* **Supplied information**:
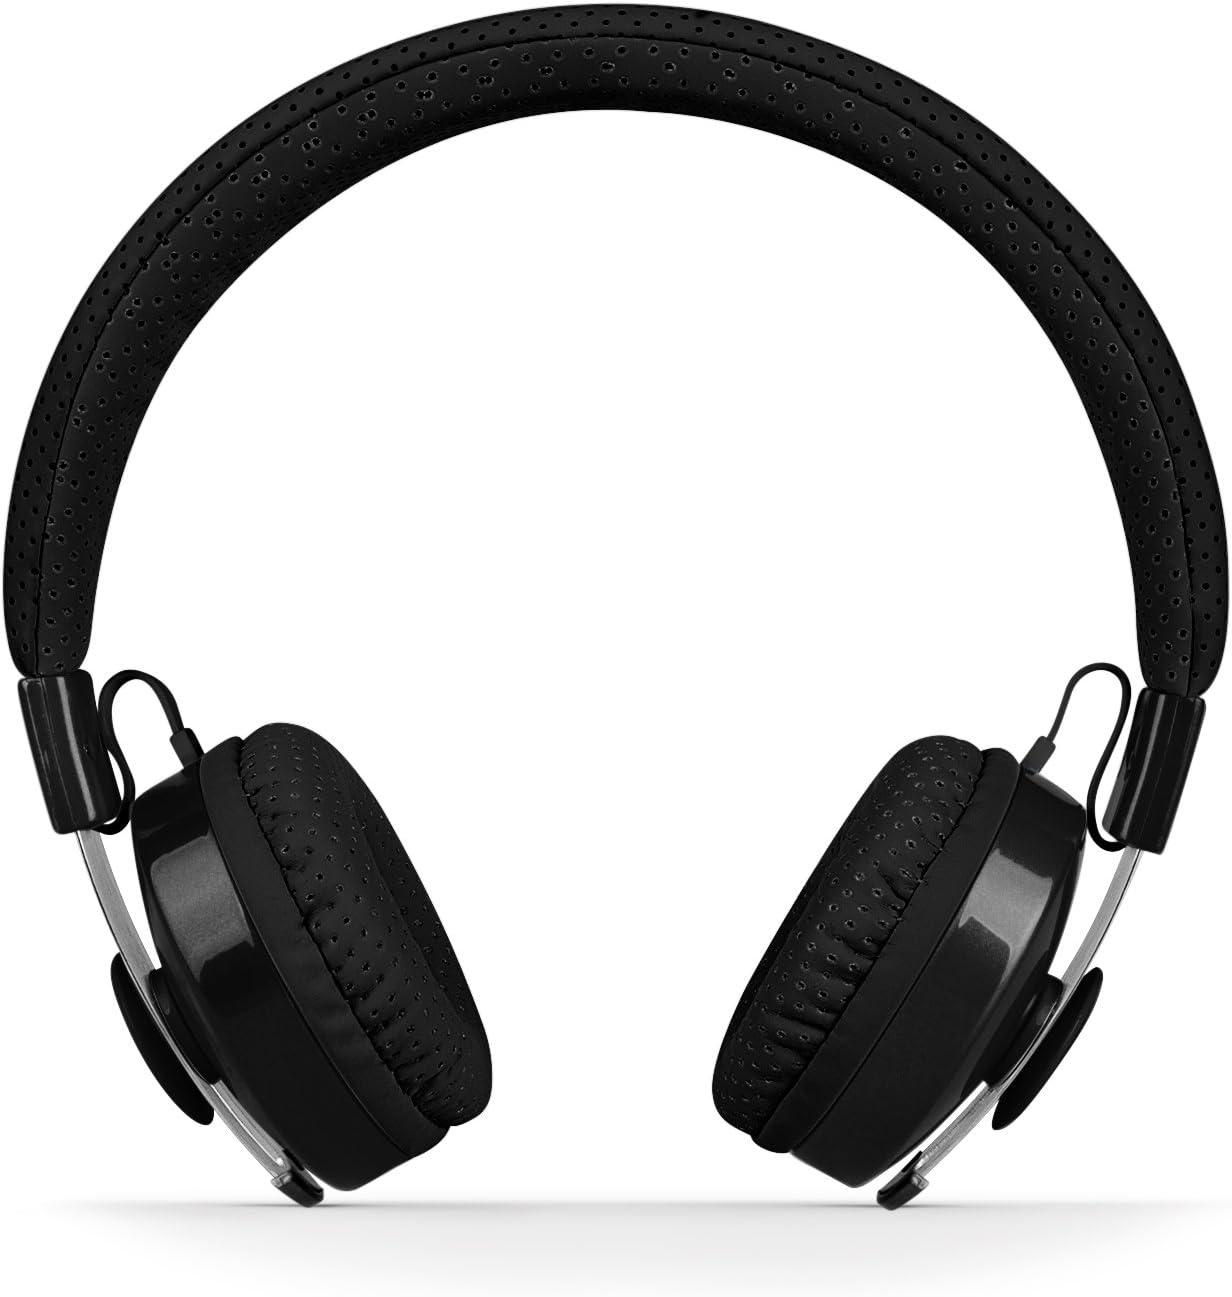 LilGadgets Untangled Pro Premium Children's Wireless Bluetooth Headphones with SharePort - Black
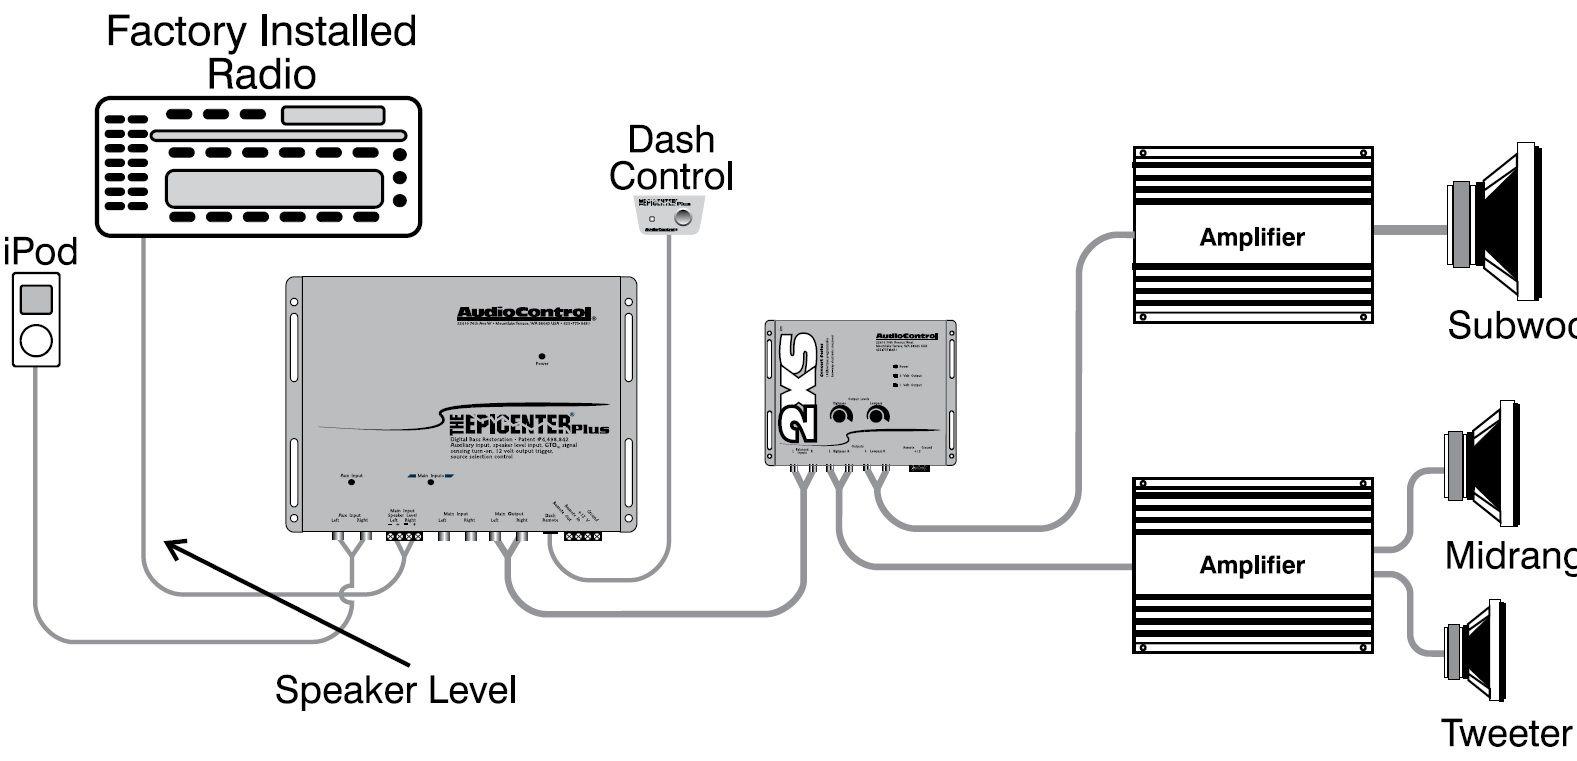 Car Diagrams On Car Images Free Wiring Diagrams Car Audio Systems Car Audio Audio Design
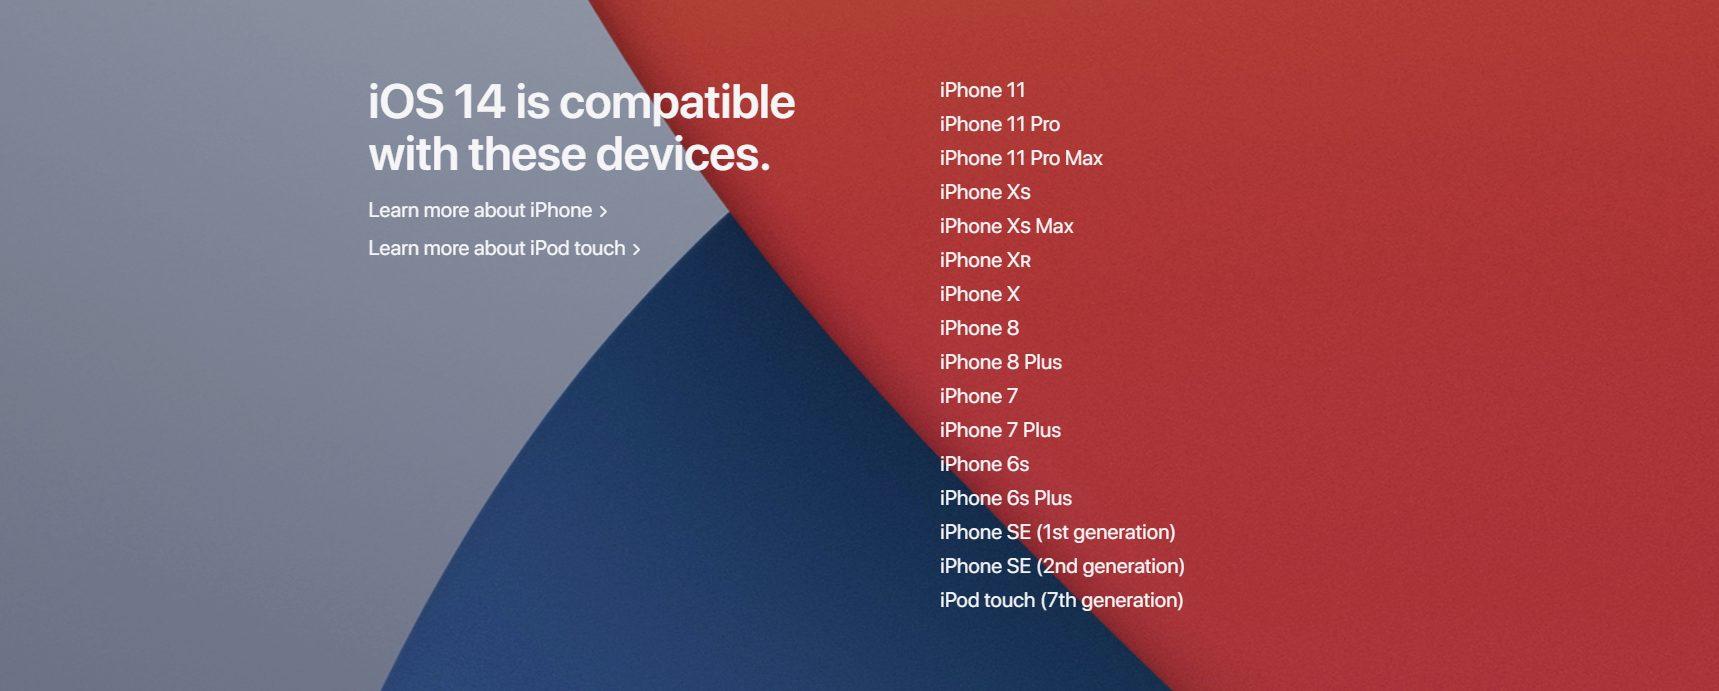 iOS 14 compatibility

* **What you will do**: All of the material must be given again exactly, though no picture may appear in the copy.

* **Output below**:
 LilGadgets Untangled Pro Premium Children's Wireless Bluetooth Headphones with SharePort - Black
 Car Diagrams On Car Images Free Wiring Diagrams Car Audio Systems Car Audio Audio Design
 iOS 14 compatibility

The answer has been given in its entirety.